▶ GIVEN MATERIAL:
::::::::

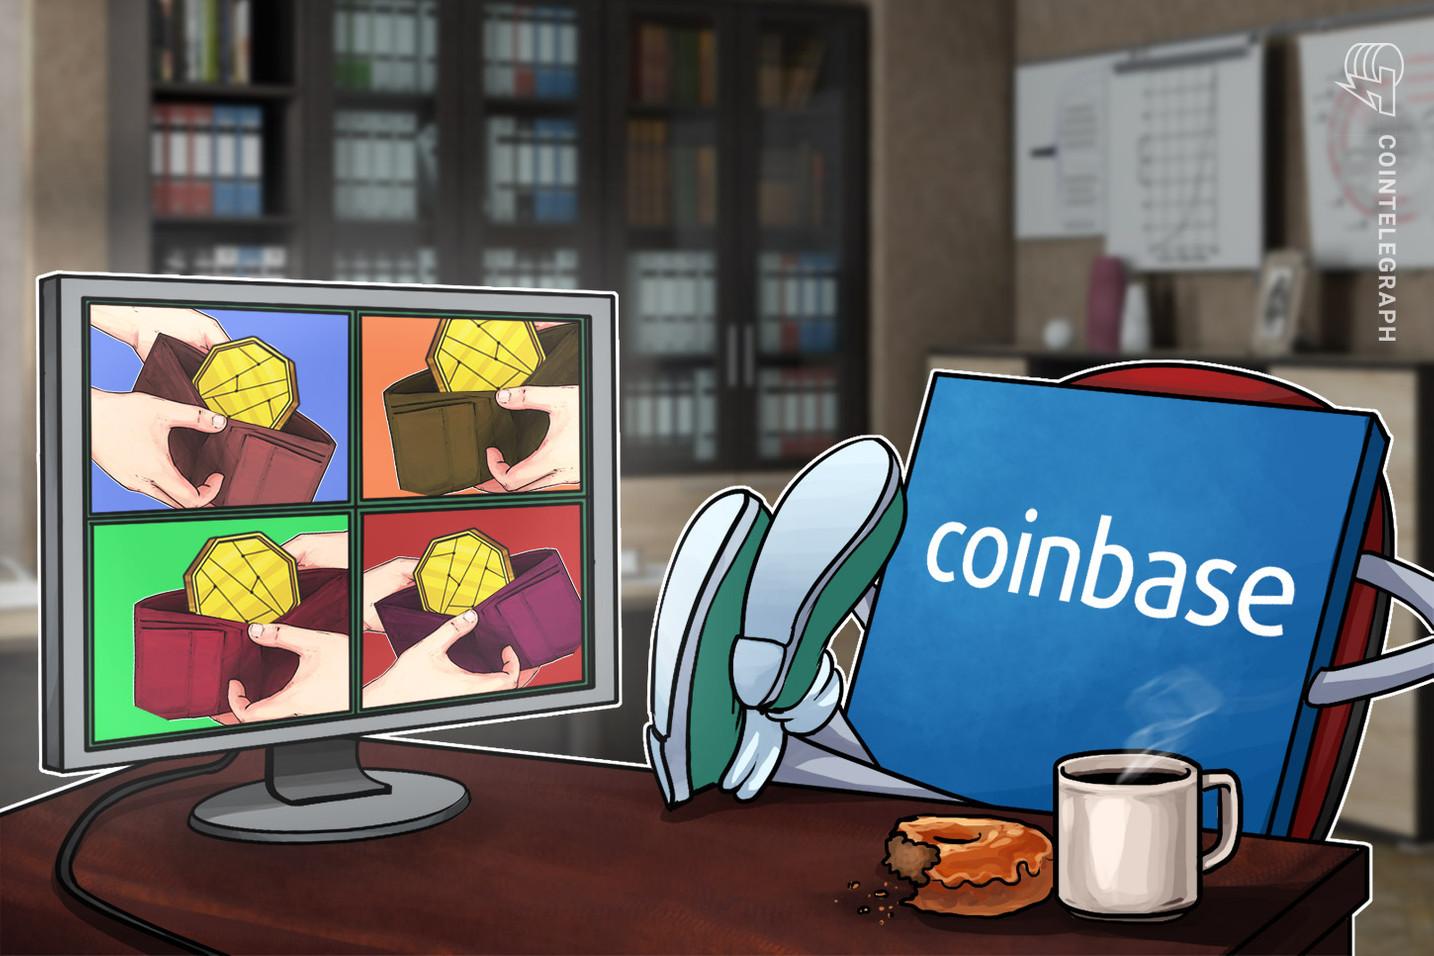 Gli utenti di Coinbase potranno collegare il proprio conto sulla piattaforma principale all'applicazione Wallet
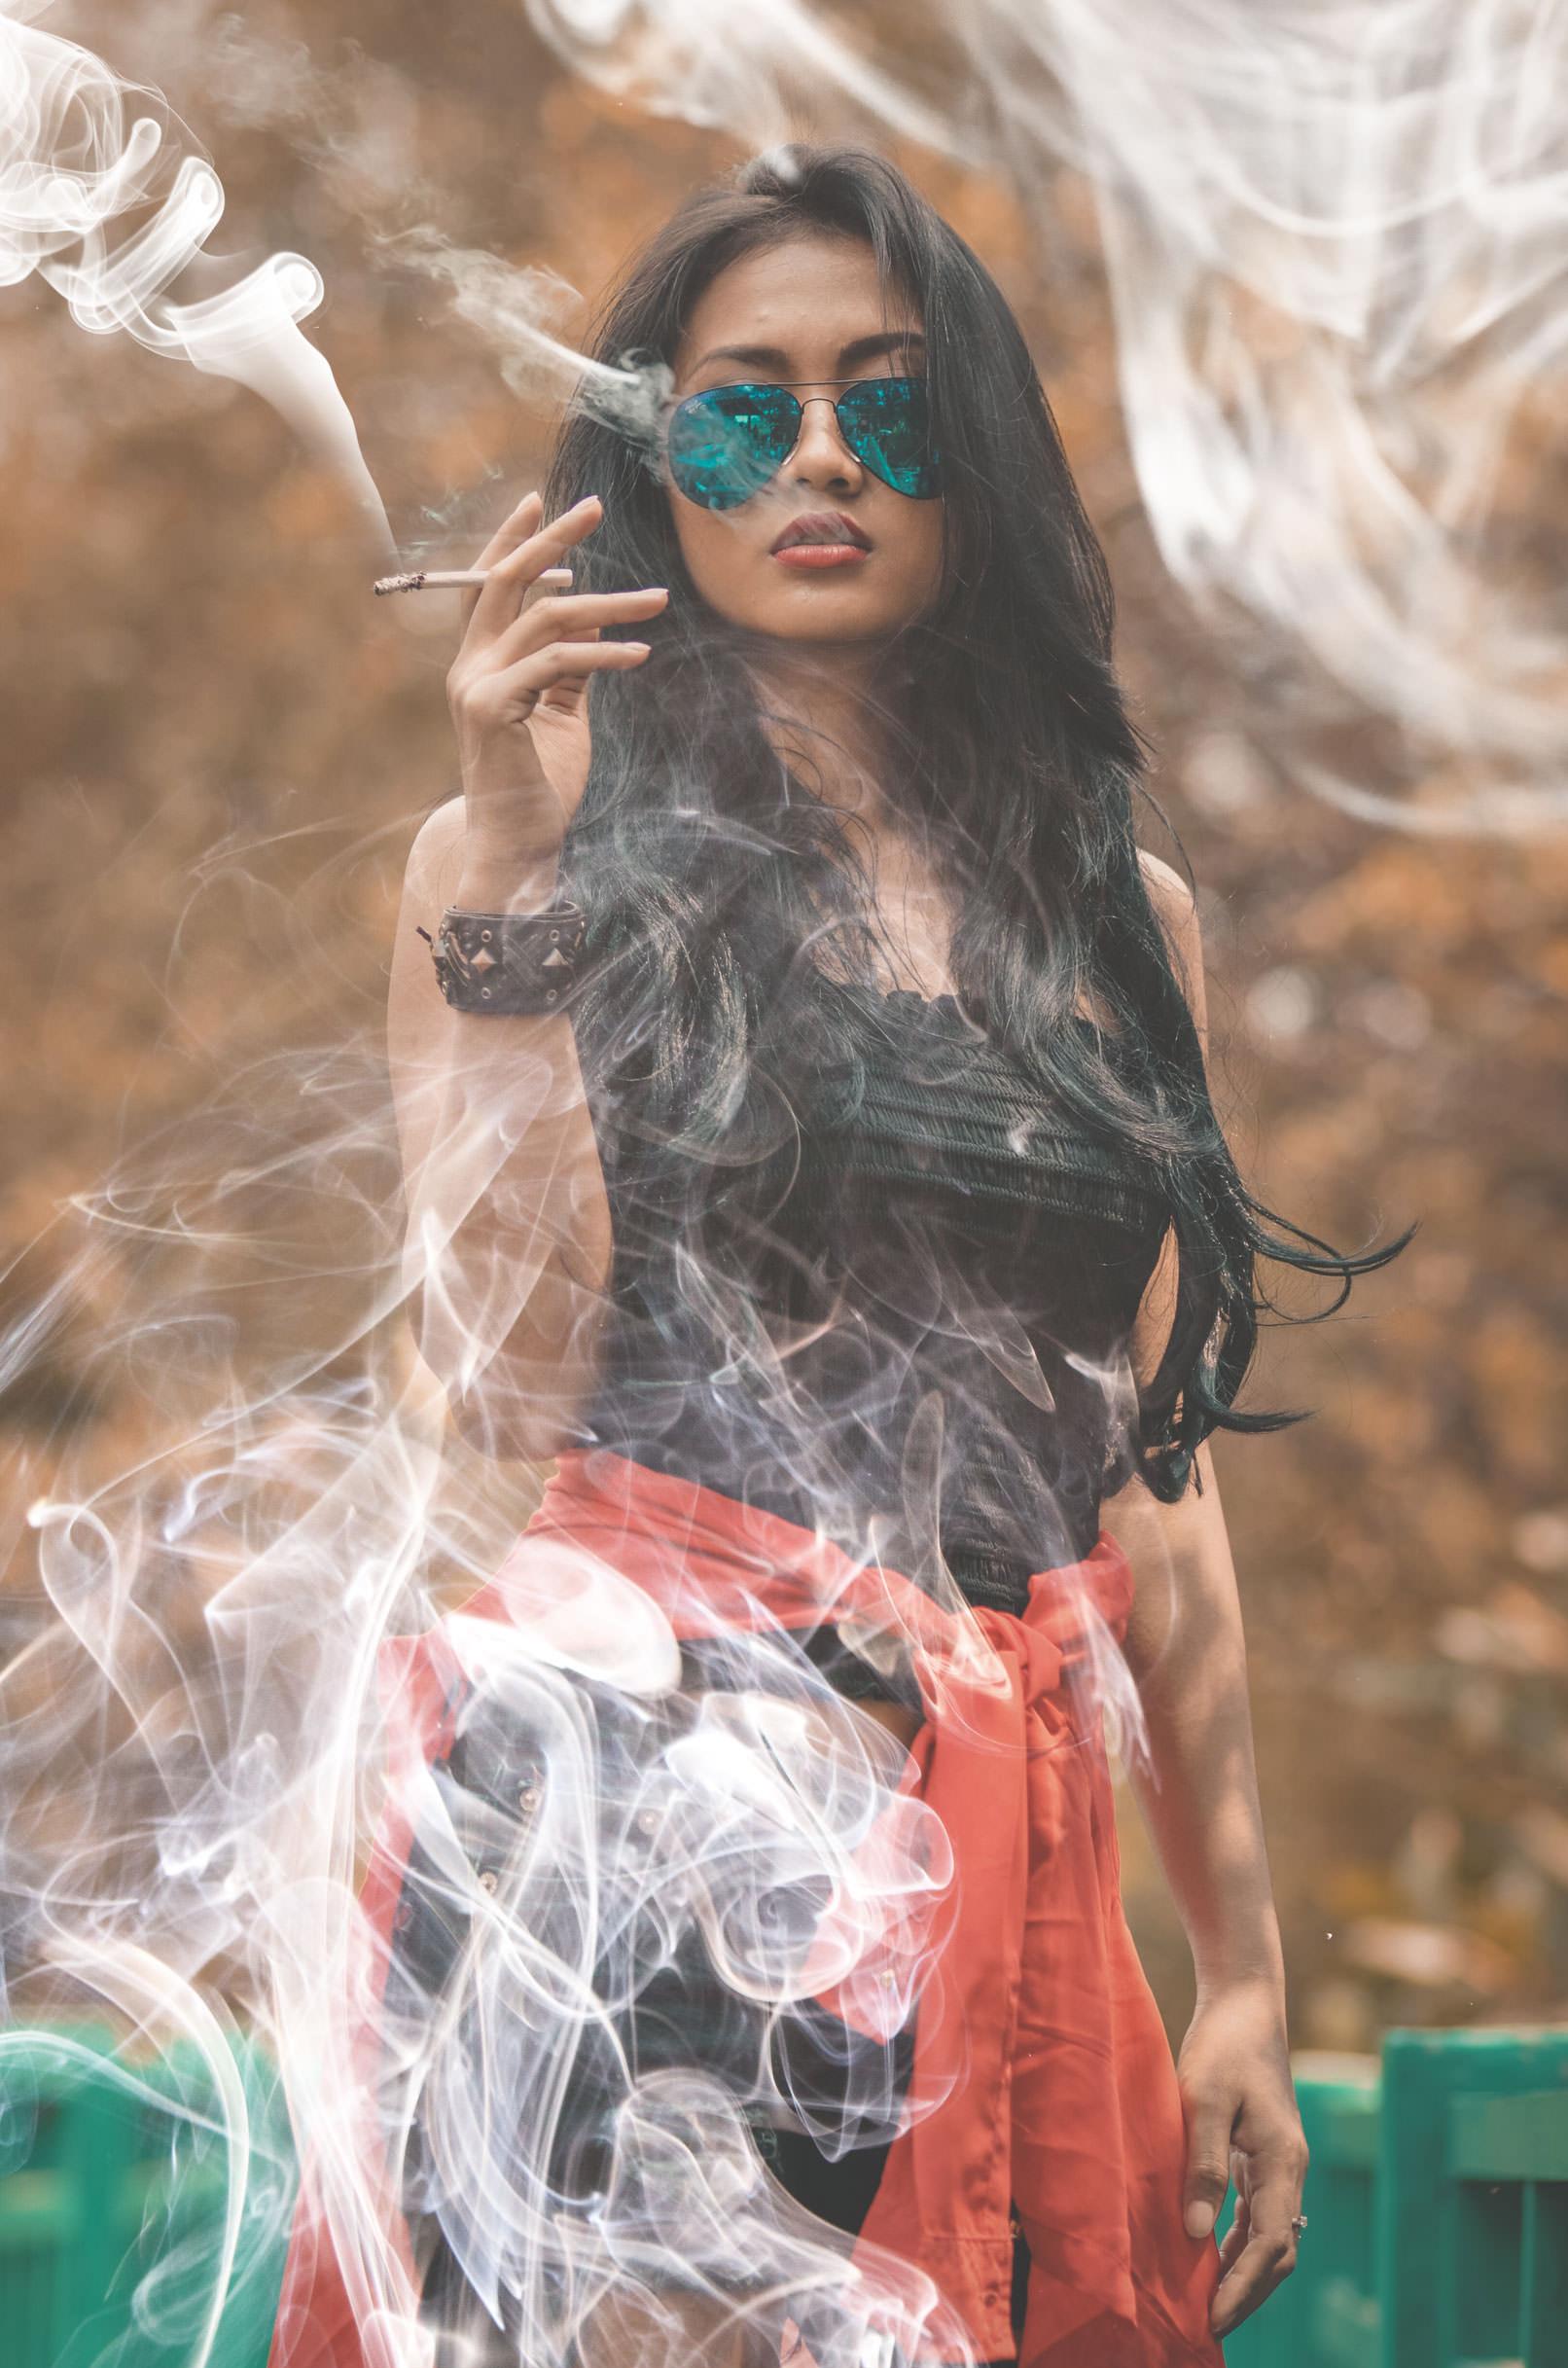 Foto einer Frau mit eingearbeiteten Smoke-Overlays, Rauch-Bildern
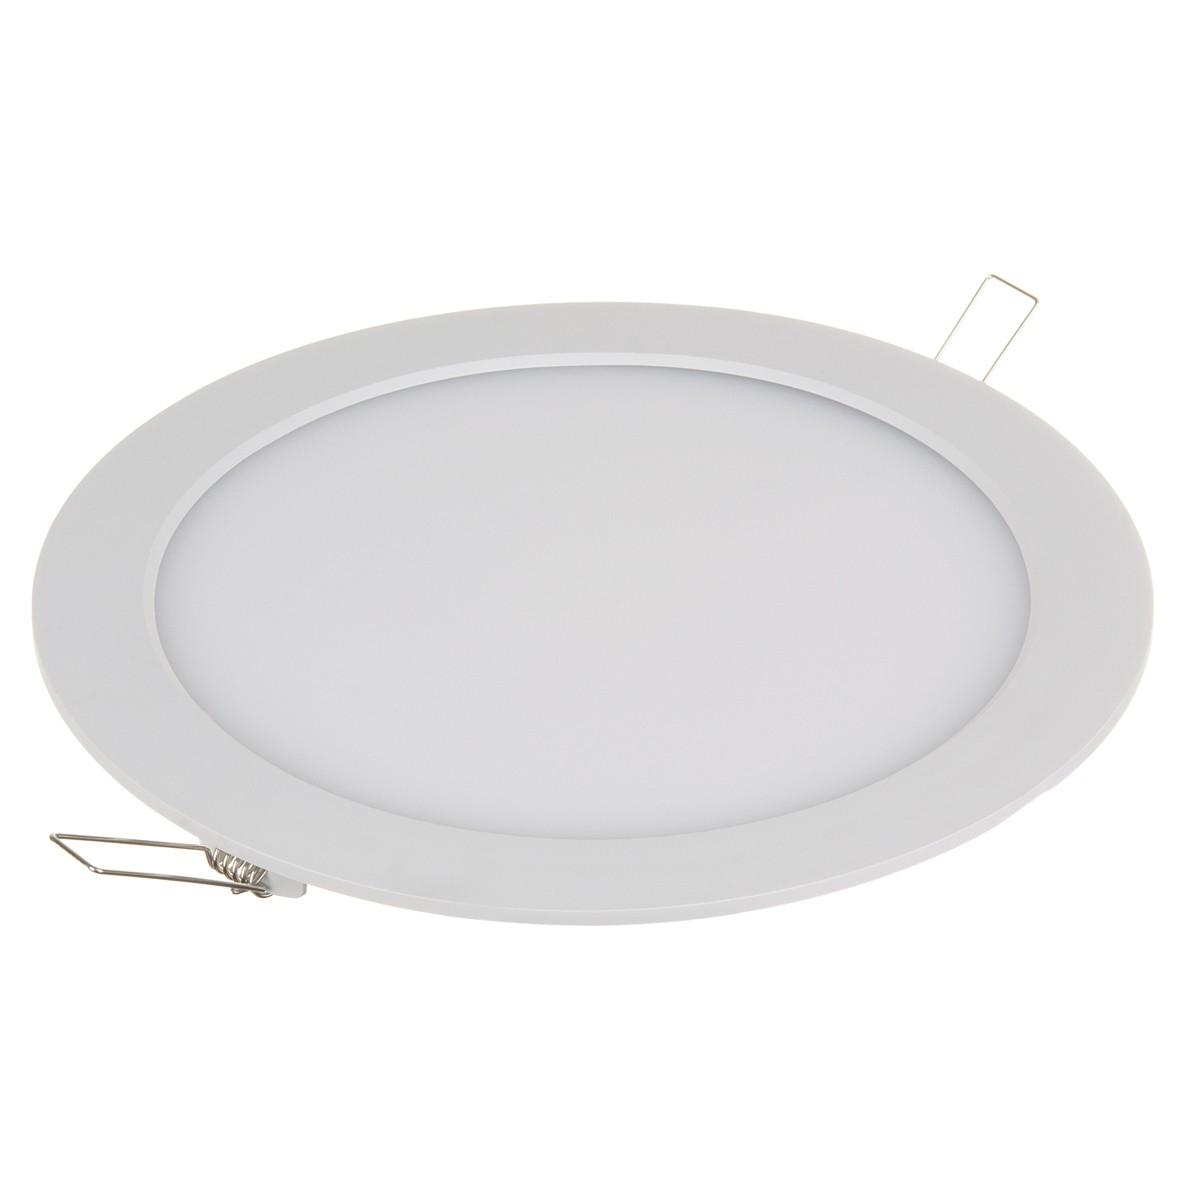 Дополнительное фото 1 товара Встраиваемый светильник Elektrostandard Downlight a034916
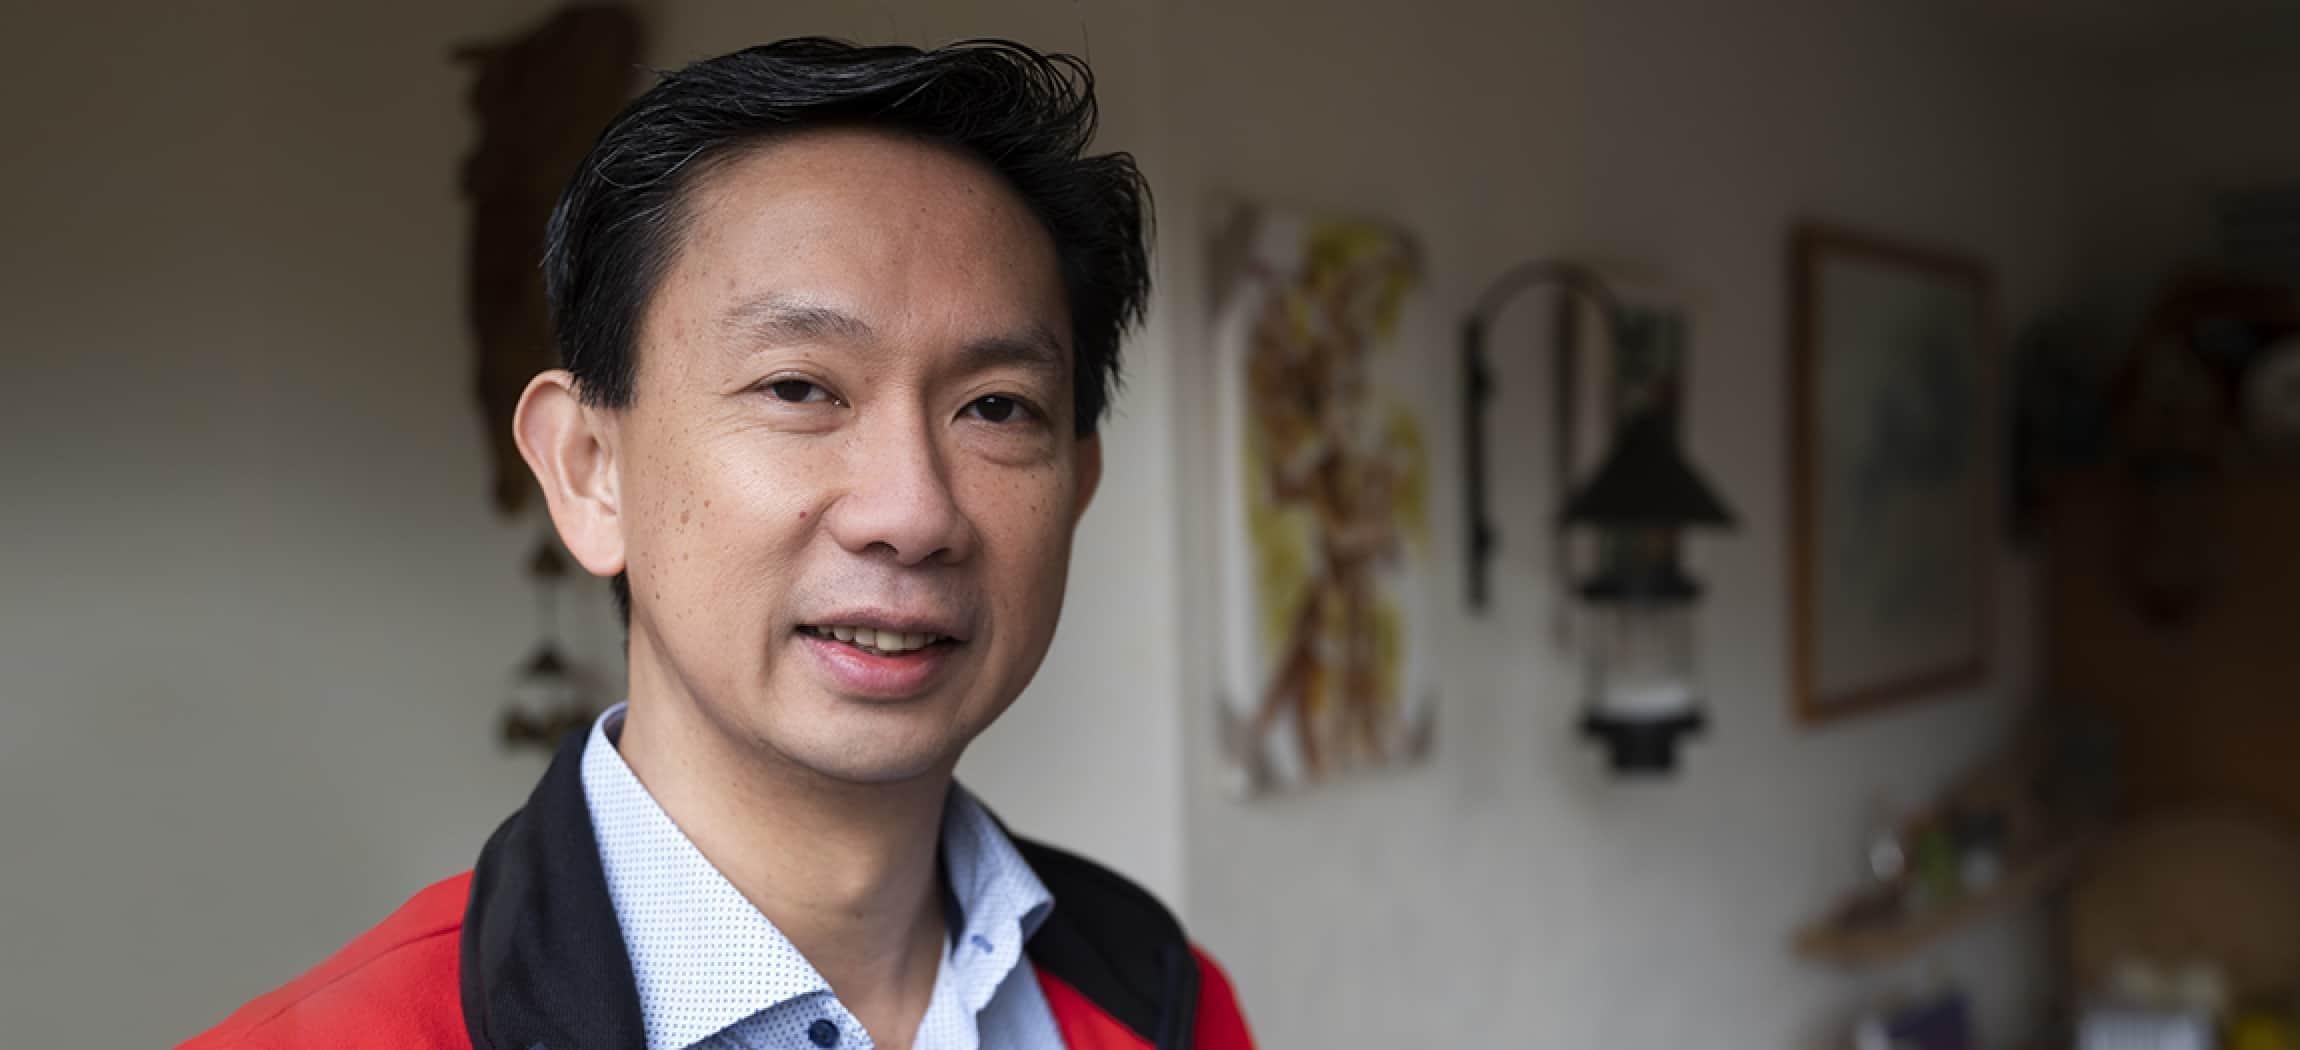 Wawan Kawulusan, werkt bij dagbesteding De Klinker in Amsterdam

::::::::

The lines from the top of the data above through the one holding "Дополнительное фото 1" are to be repeated exactly, and only those, with no pictures.

 Gli utenti di Coinbase potranno collegare il proprio conto sulla piattaforma principale all'applicazione Wallet
 Foto einer Frau mit eingearbeiteten Smoke-Overlays, Rauch-Bildern
 Дополнительное фото 1 товара Встраиваемый светильник Elektrostandard Downlight a034916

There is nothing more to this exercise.